Question 4 : What other research is under way?
[Schneider] We have more to do, and I'll just give some examples. One is that we will gather more data because there are randomised trials that have been enrolled that now are continued to be in follow-up. So we will have longer term data from ILLUMINATE specifically, which was presented yesterday here at LINC, and will, I'm sure, go into publication form at some point. Secondly, we will have some data from RANGER. Now the RANGER trials come from Boston Scientific and these were not included in any of these meta-analyses, but fortunately, it is a randomised trial between patients who receive paclitaxel-coated balloons versus plain balloons. So we'll have that data to include. And then, in addition, since the issue first came up there's been a tremendous improvement in the ability to find some of the patients that were previously lost to follow-up, and with that data we gain more insight as to what the different trial design differences are and also, what the true risk is because ultimately if a patient has been lost to follow-up you don't know if they've had a mortality event or not. Once you find those, you can put them in the correct category and take another look at the information. So all of these things are happening and I suspect that as they accumulate the answer will become even more clear.
Question 5 : What was the aftermath of these findings?

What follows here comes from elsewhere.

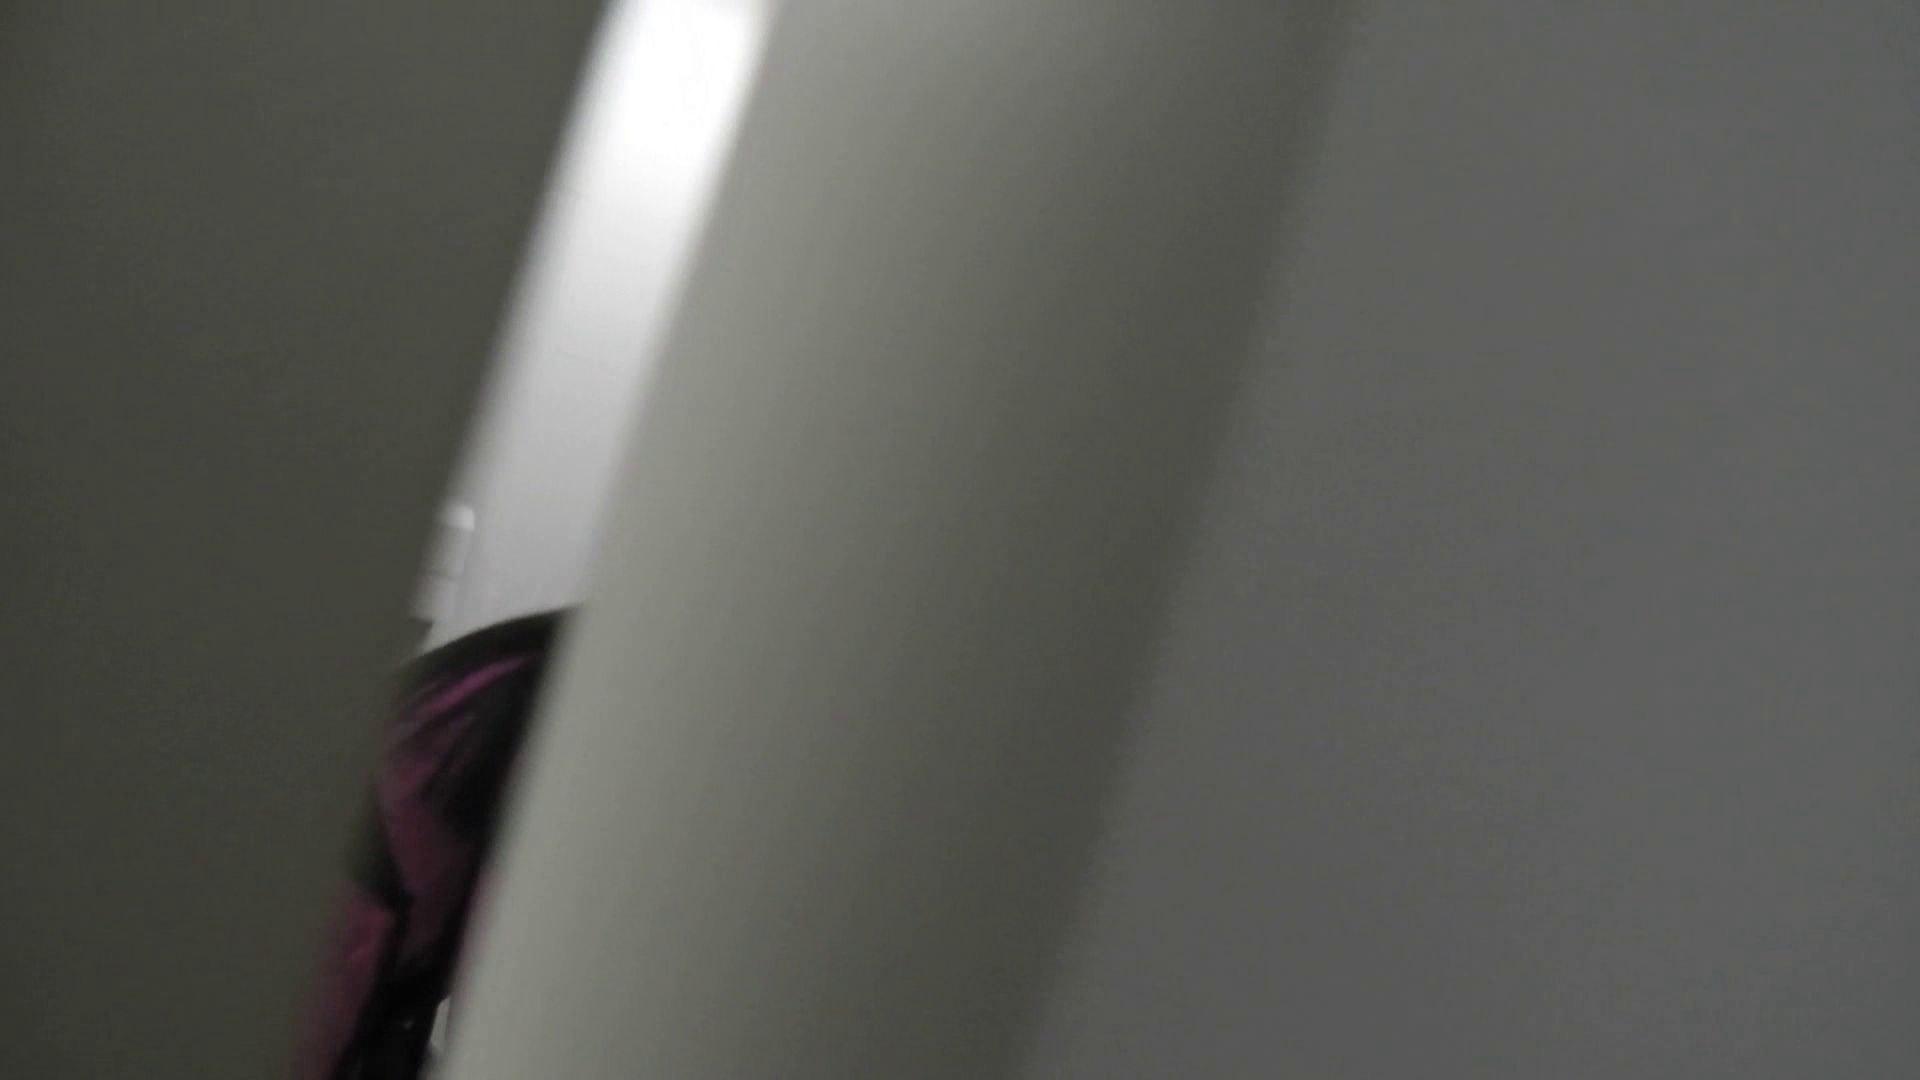 【日本成人用品展览会。超模如云】vol.01 着替|空爆 潜入突撃  103pic 54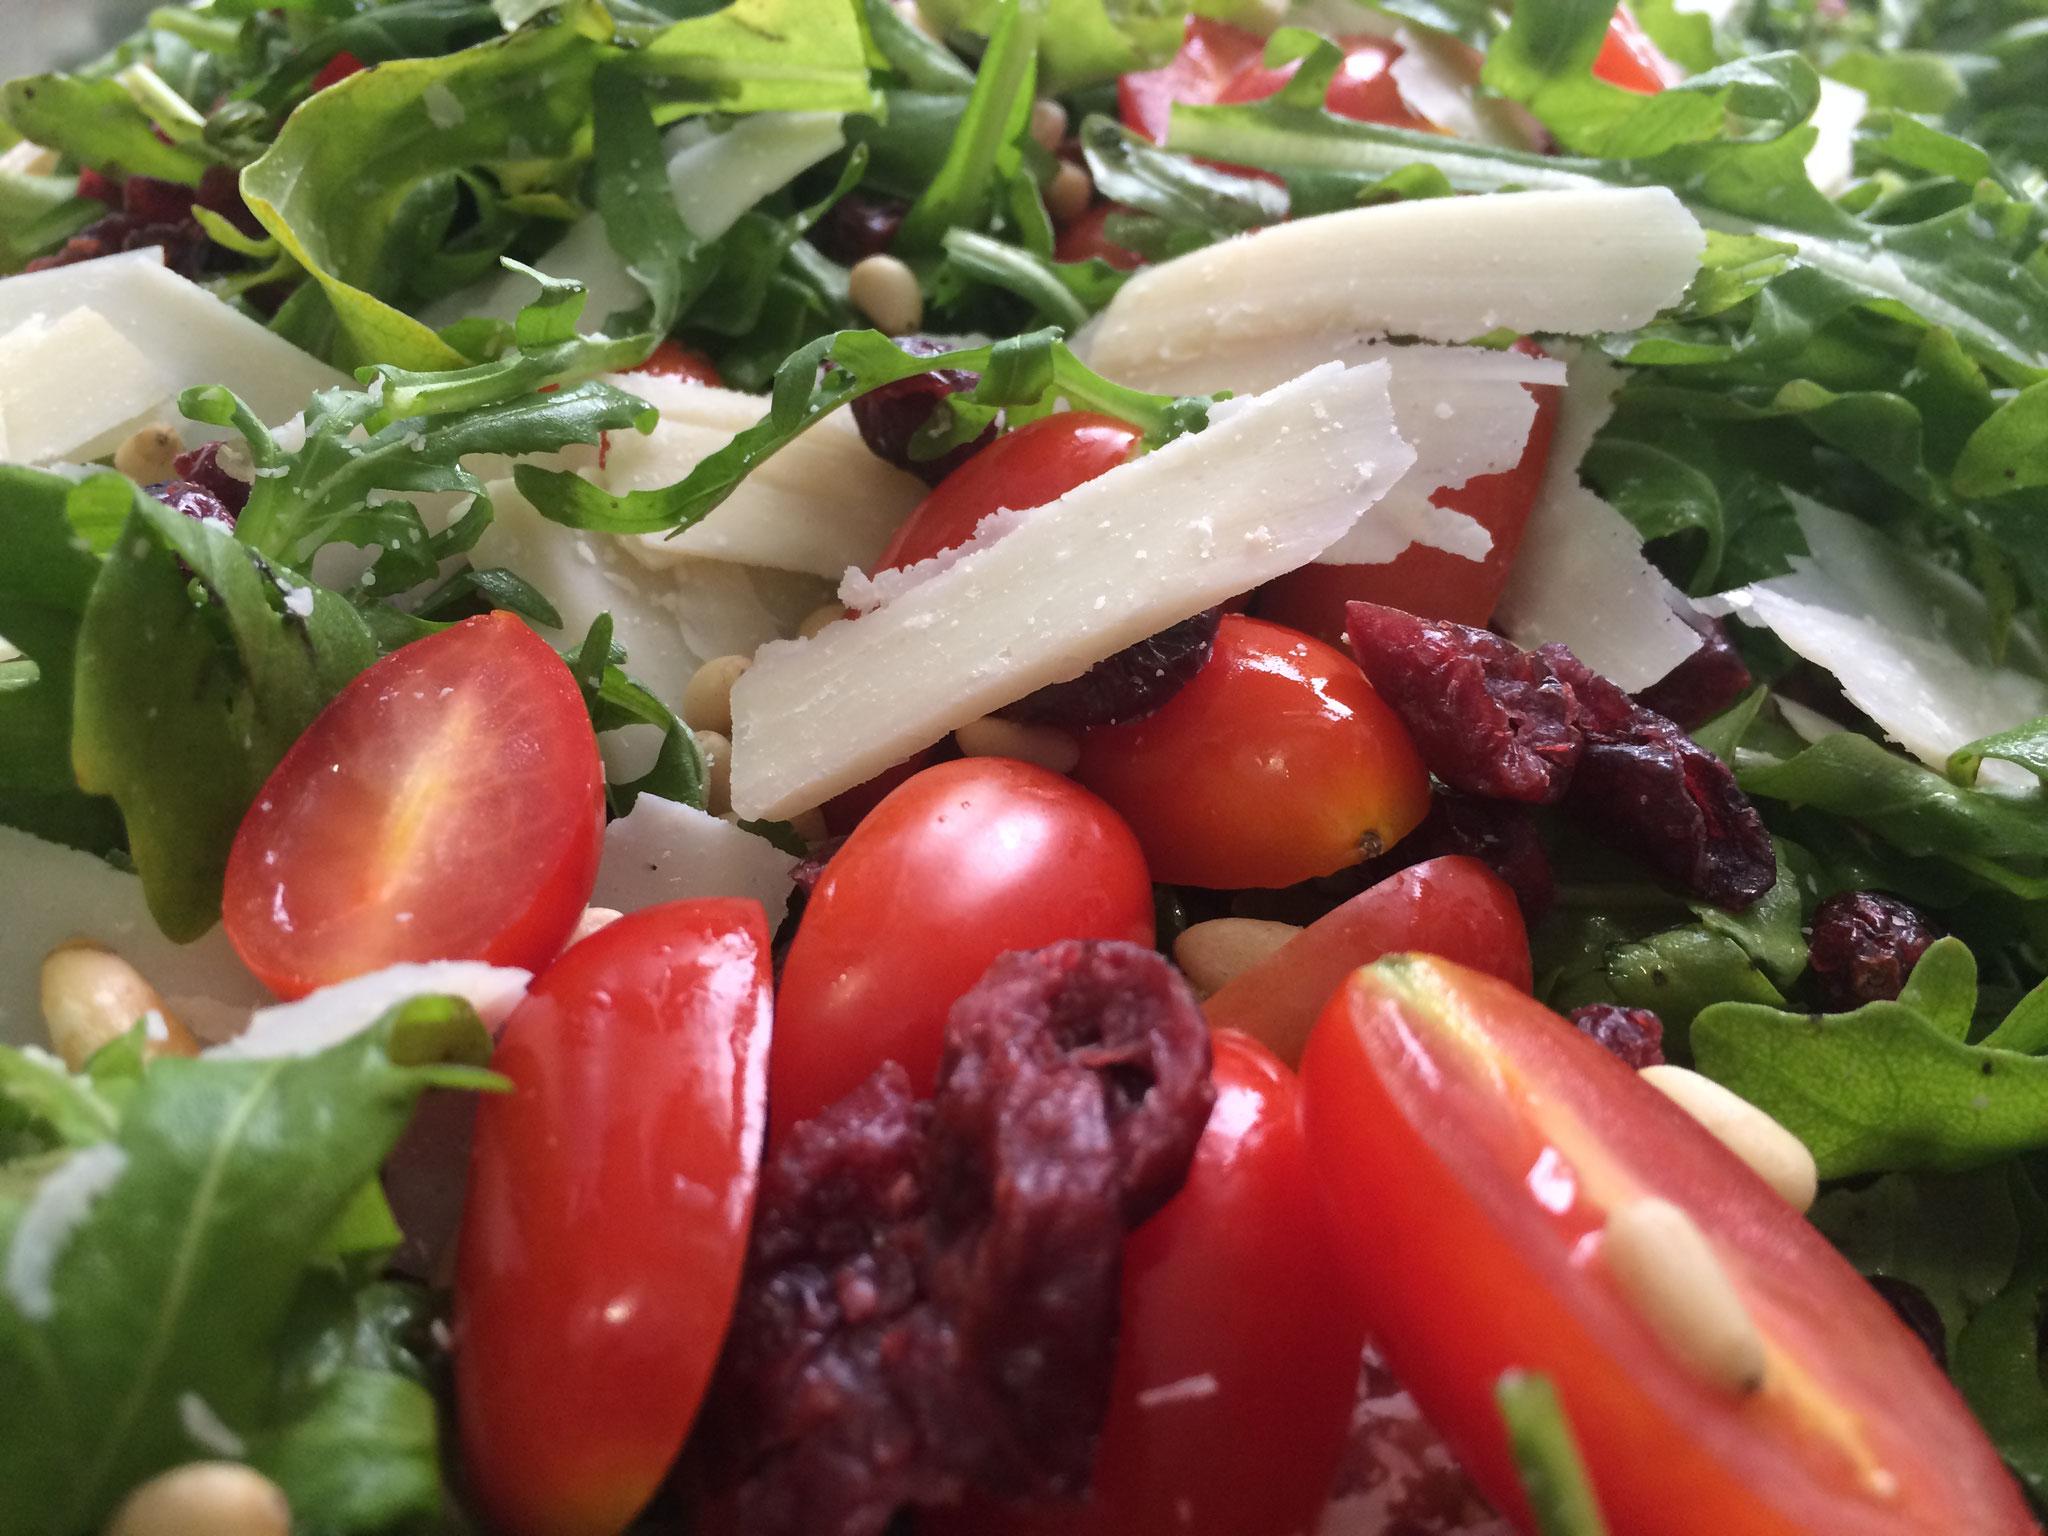 Wildkräutersalat mit Parmesan, getrockneten Tomaten, Tomaten und Pinienkerne

[Schneider] I believe that with the initial meta-analysis publication, just again, a little over one year ago, there was a dramatic change in clinical practice. This is reflected differently among various countries, but in general, there was a dramatic decrease in the use of drug-coated balloons in the lower extremities. What has happened now is as information has continued to accumulate, a lot of practitioners have gone back to using it more frequently. The other thing that did happen is that the FDA, the US Federal Food and Drug Administration, what they had said in their earlier letter of March, which was very much it appeared to be a stern warning about their concern ameliorated at least a little bit in their letter of August, and this gives people also more confidence in, for example, they suggested that if patients are a particularly high-risk for re-stenosis that you should consider paclitaxel or at least that you have to weigh the risks, or at least potential risks, and benefits and so I think this has affected practise and a number of clinicians have now started to try to re-incorporate drug-coated balloons into their practises. But it's highly individual and there's no specific algorithm at this point.